2. The method as claimed in claim 1, wherein said client sending said data version to said shared medium comprises sending a null-value data version in the case in which said data element is not stored in said client memory and said shared medium.

3. The method as claimed in claim 1, wherein said request for said data element contains an address range defining said data element on said shared medium.

4. The method as claimed in claim 3, wherein said address range comprises non-contiguous storage blocks.

5. The method as claimed in claim 1, wherein said client computer communicates with said shared medium through a network block device driver.

6. The method as claimed in claim 1, wherein said shared medium is a server memory storage space.

7. A method for maintaining a main list of data version information associated with data elements on a shared medium, said data version information being used for data retrieval, comprising:

creating a list of data structures identifying data elements on said shared medium and said data version information;

receiving a request on a data network for writing at least one of said data elements;

following modification to said at least one of said data elements, giving a new data version to said at least one of said data elements that was modified.

8. The method as claimed in claim 7, wherein if said data elements being modified are associated with multiple separate data structures containing data version information, creating a new single data structure in siad list associated with said data elements modified and removing said multiple separate data structures from said list.

9. The method as claimed in claim 7, wherein said initial version state is an initial version number and wherein said initial version number is incremented to obtain said new version state.

10. The method as claimed in claim 7, wherein said list of said structures is a double linked binary tree list.

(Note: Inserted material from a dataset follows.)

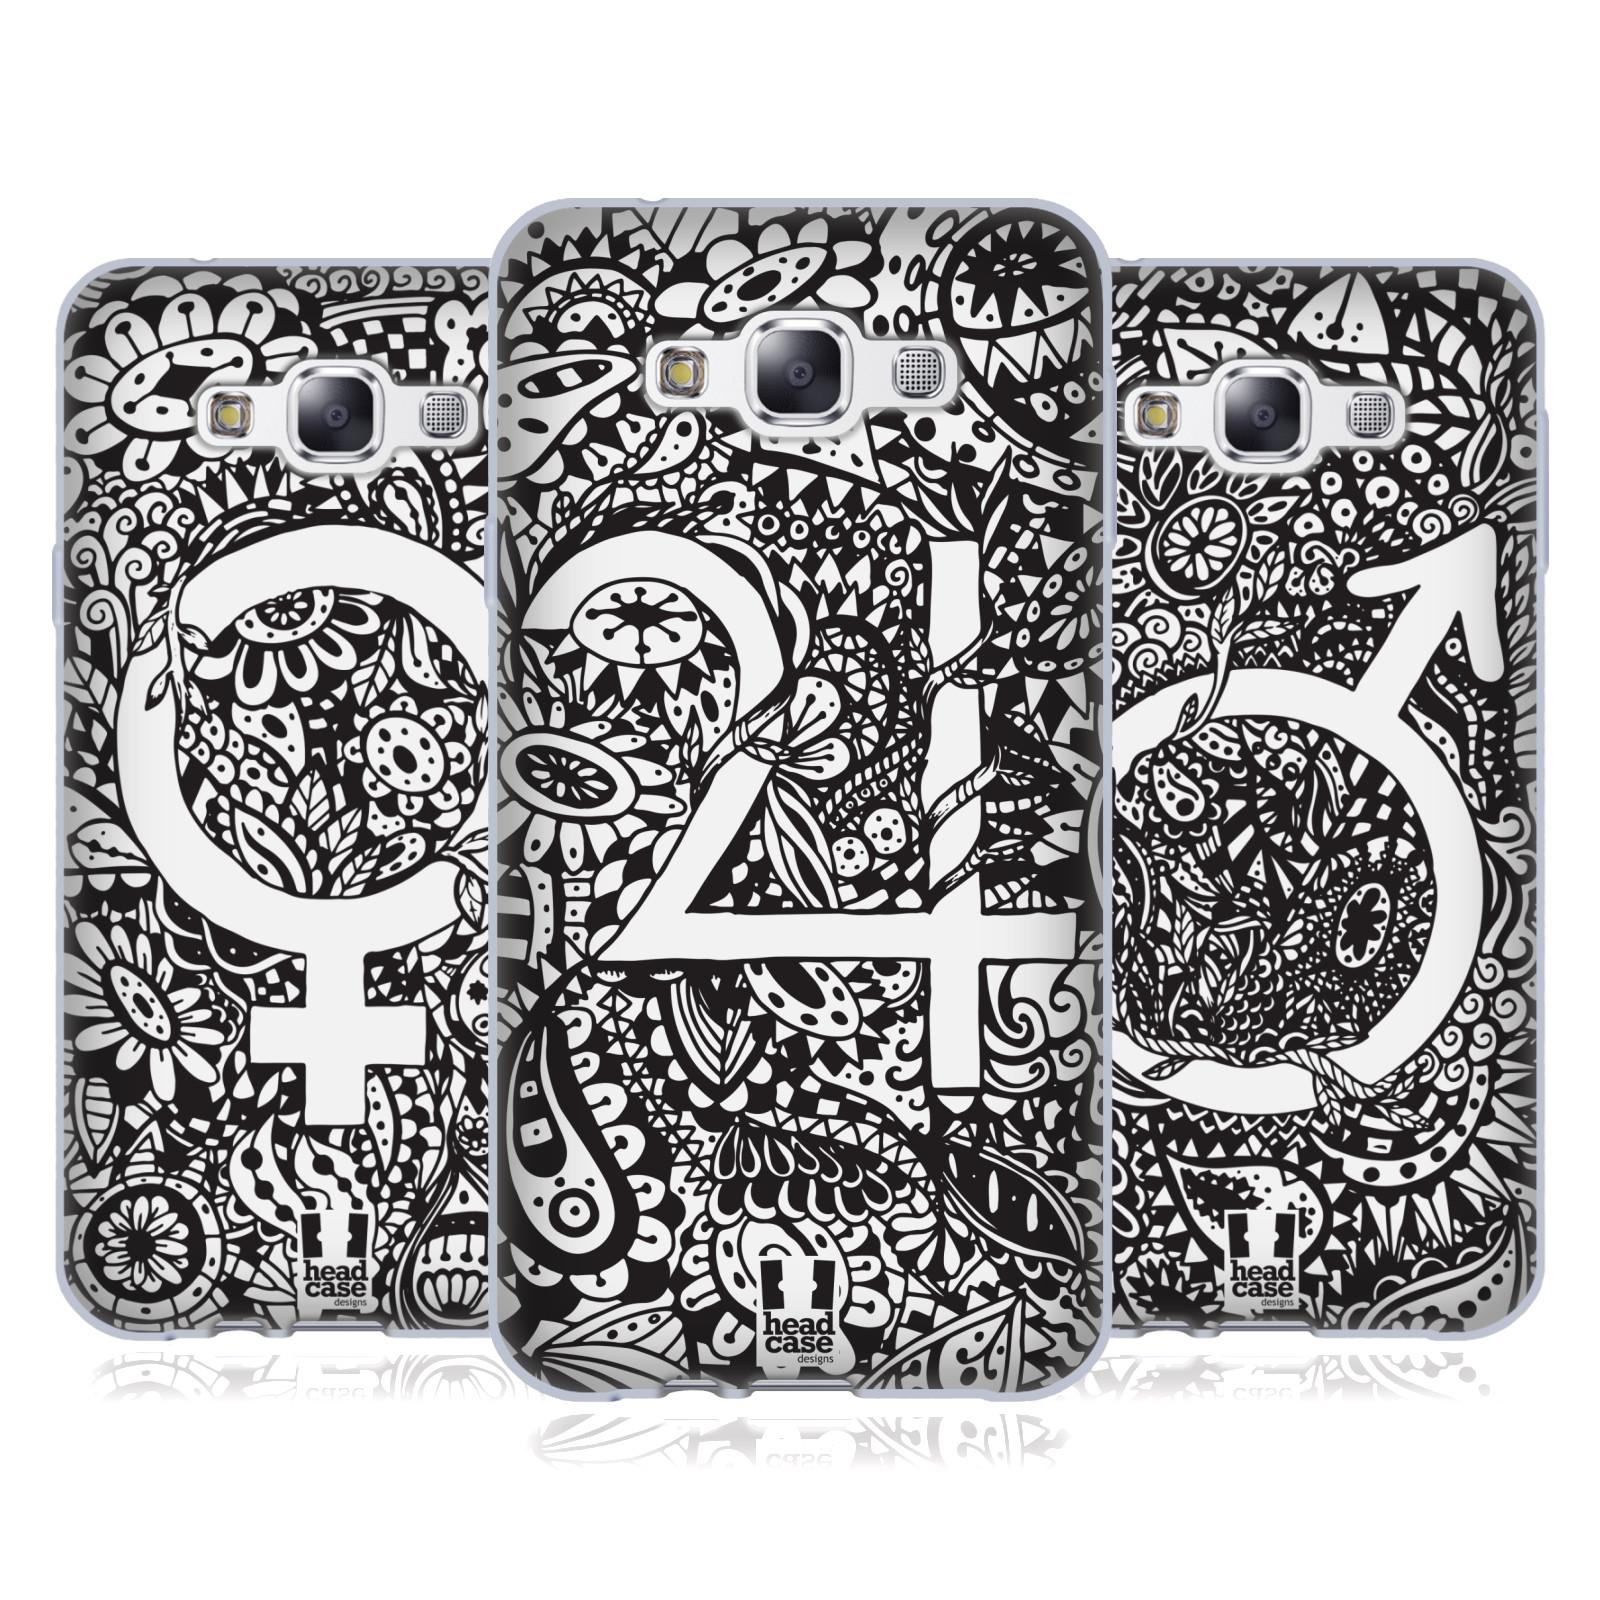 HEAD-CASE-DESIGNS-MYTHICAL-SYMBOLS-SOFT-GEL-CASE-FOR-SAMSUNG-PHONES-3
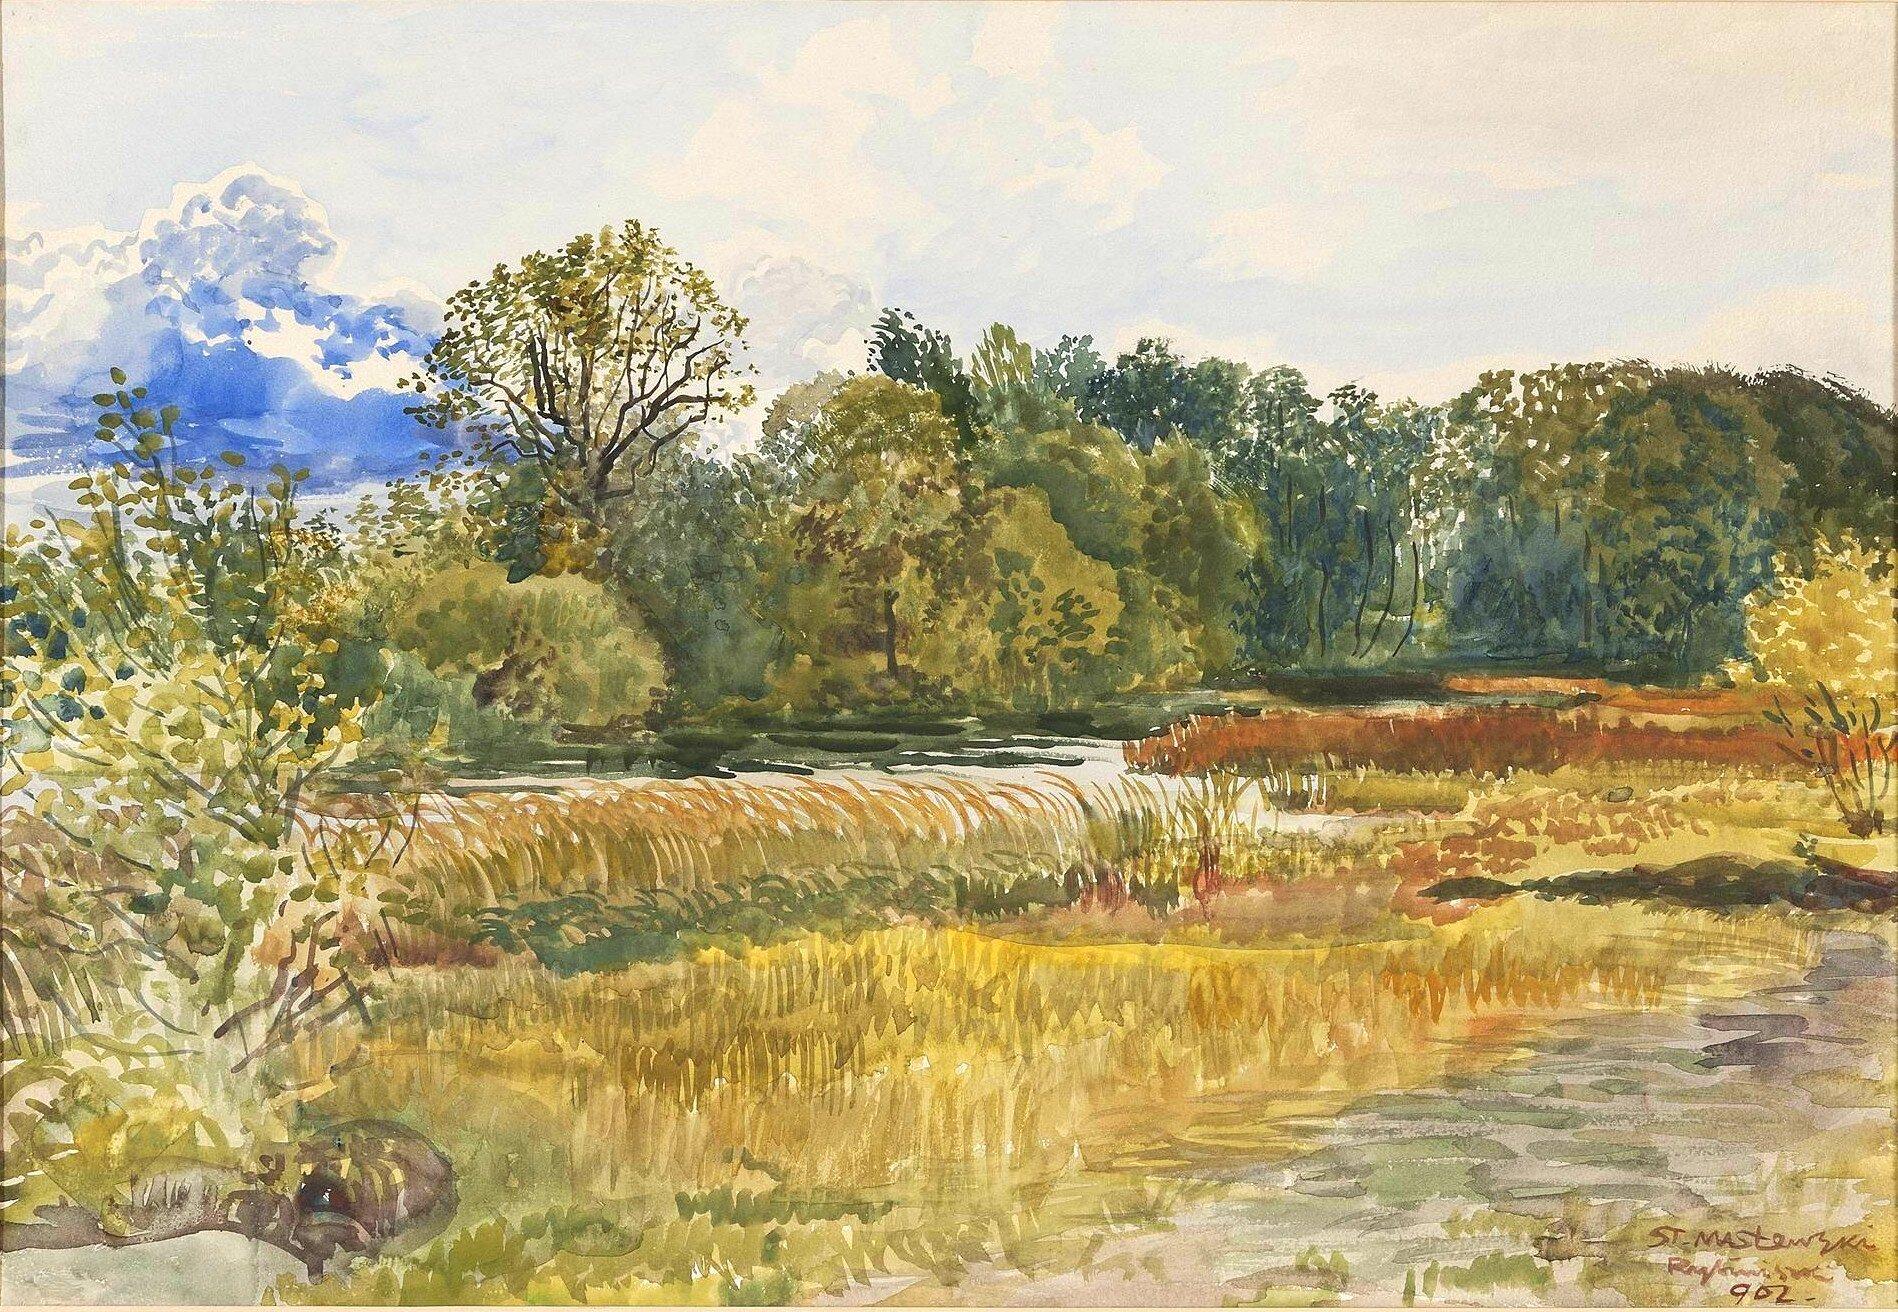 Watercolor of autumn scene by    Stanisław Masłowski   , done in 1902

11. A method for managing data version information associated with data elements on a shared storage medium in a clustered computing environment, said data version information being used for data retrieval by a plurality of computers interconnected in said clustered computing environment, comprising:

creating a list of data structures identifying data elements on said shared storage medium and said data version information;

receiving a request on a data network from at least one of said plurality of computers for writing at least one of said data elements;

following modifications to said at least one of said data elements, giving a new data version to said at least one of said data elements that was modified.

12. The method as claimed in claim 11, wherein if said data elements being modified are associated with multiple separate data structures containing data version information, creating a new single data structure in said list associated with said data elements modified and removing said multiple separate data structures from said list.

13. The method as claimed in claim 11, wherein said initial version state is an initial version number and wherein said initial version number is incremented to obtain said new version state.

14. The method as claimed in claim 11, wherein said list of data structures is a double linked binary tree list.